### Exercise details
When you transcribe the lines below, keep every word the same and leave the pictures behind.

### Supplied information
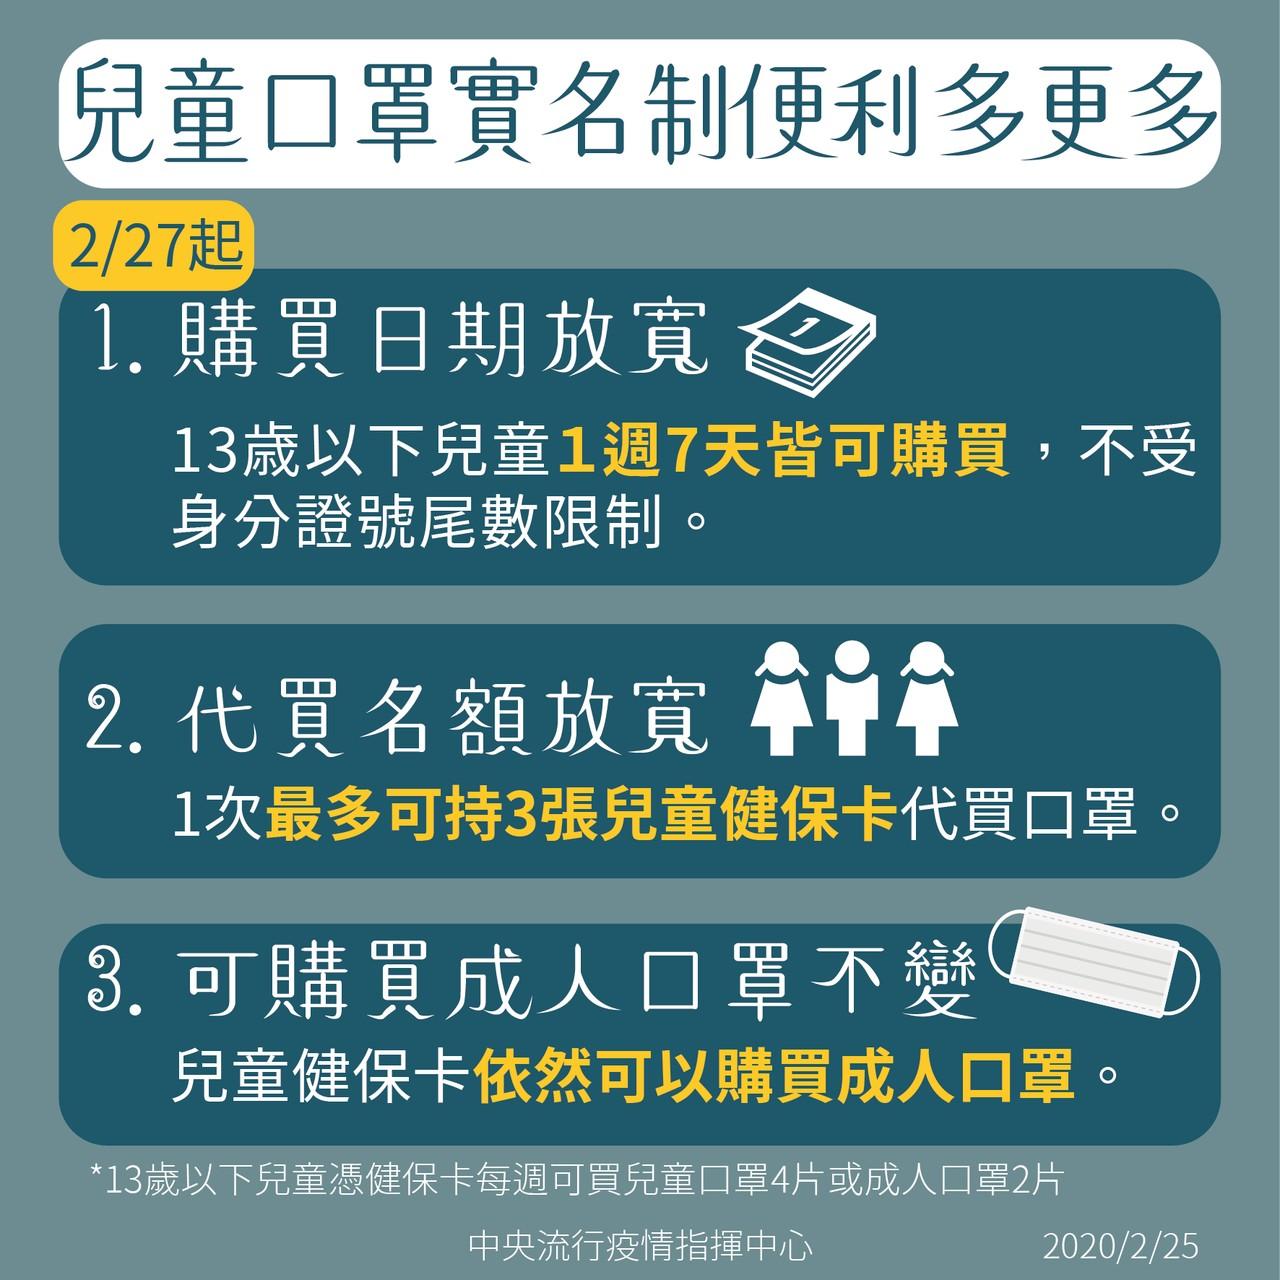 2月27日起兒童口罩實名制便利多更多海報
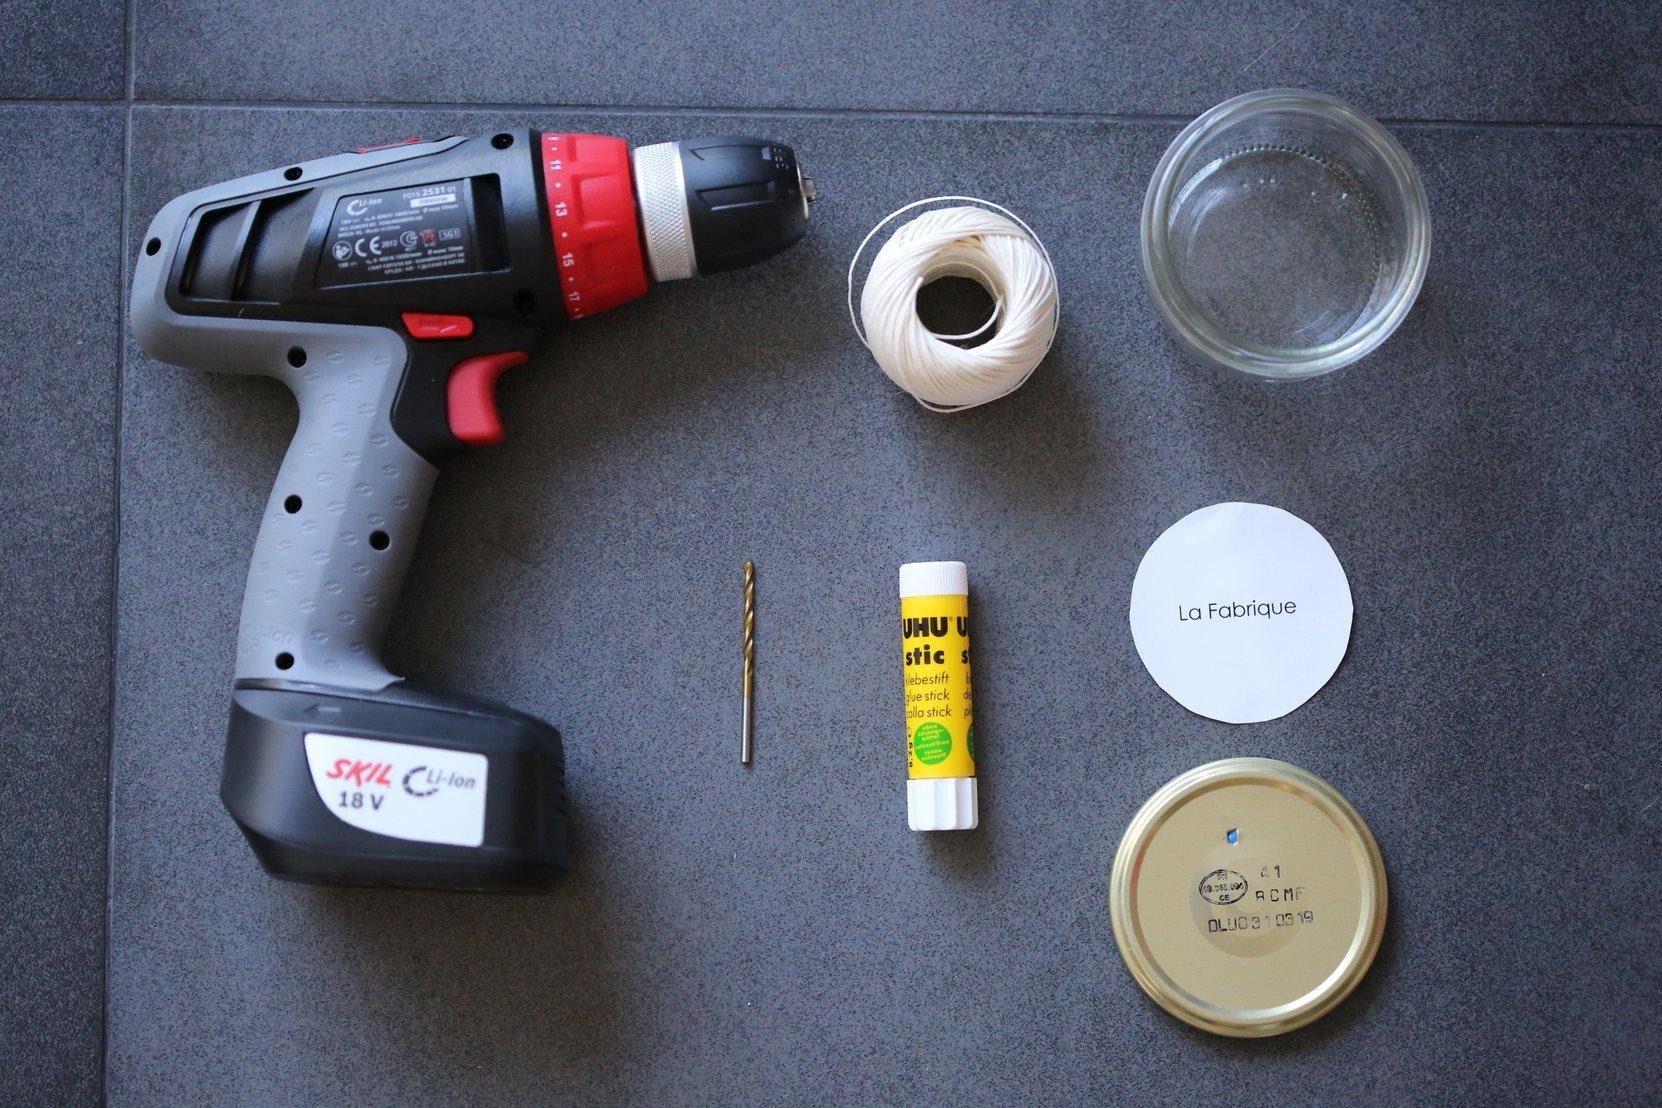 Photo principale de Astuce pour ranger de la ficelle
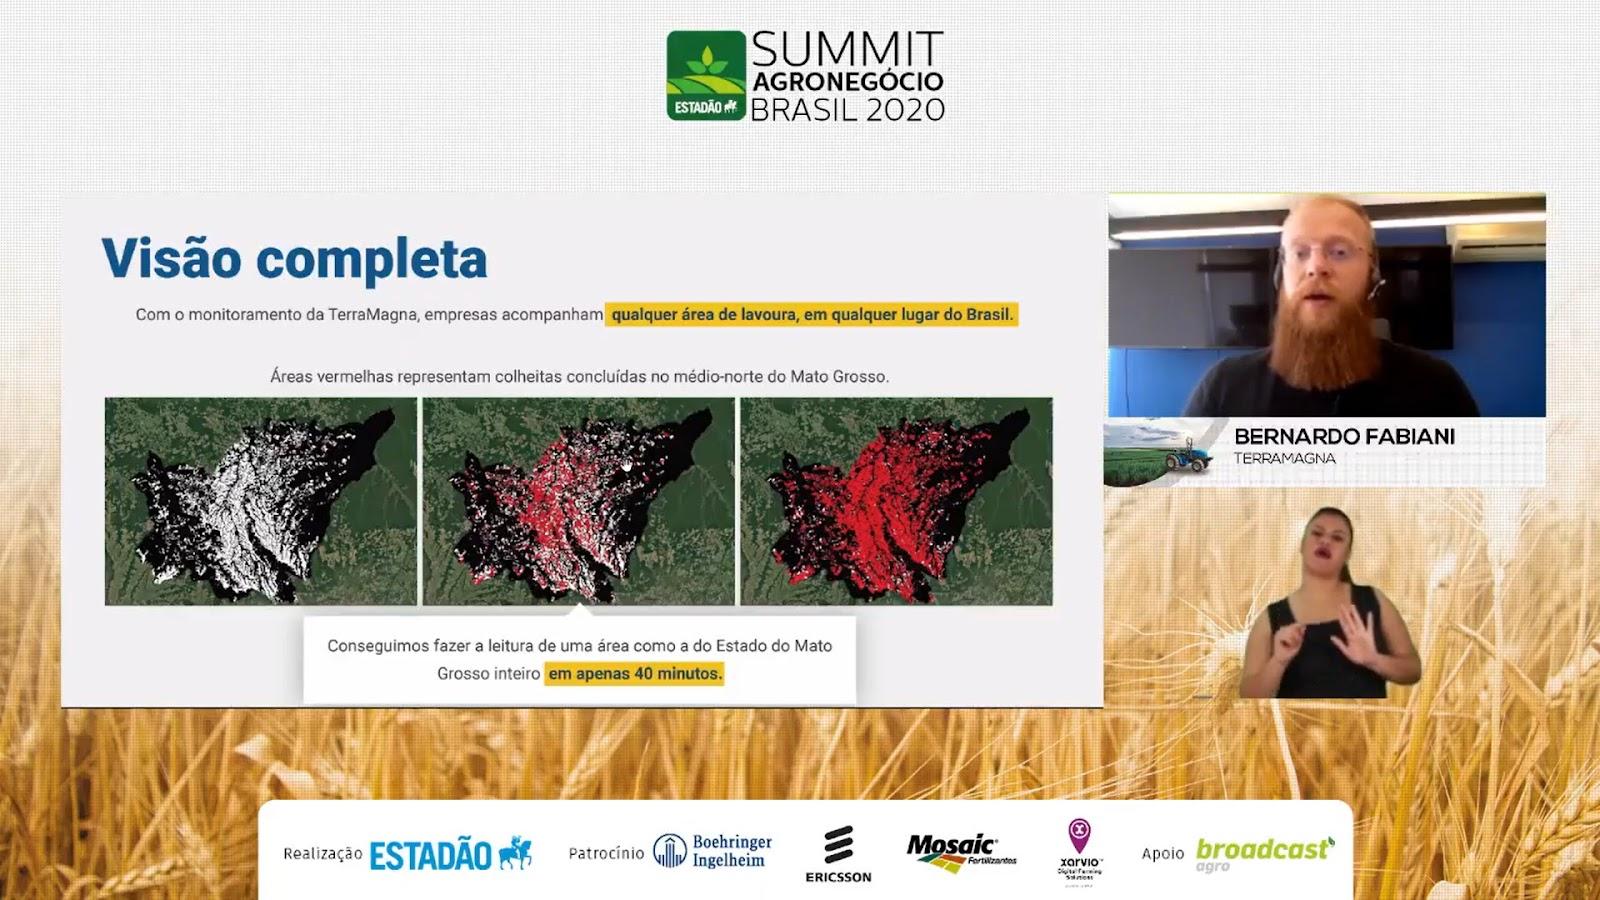 Satélite permite mapear estágio das lavouras agrícolas do Mato Grosso em apenas 40 minutos. (Fonte: Summit Agro 2020/Reprodução)

### Problem solution
 2月27日起兒童口罩實名制便利多更多海報
 Photo principale de Astuce pour ranger de la ficelle
 Satélite permite mapear estágio das lavouras agrícolas do Mato Grosso em apenas 40 minutos. (Fonte: Summit Agro 2020/Reprodução)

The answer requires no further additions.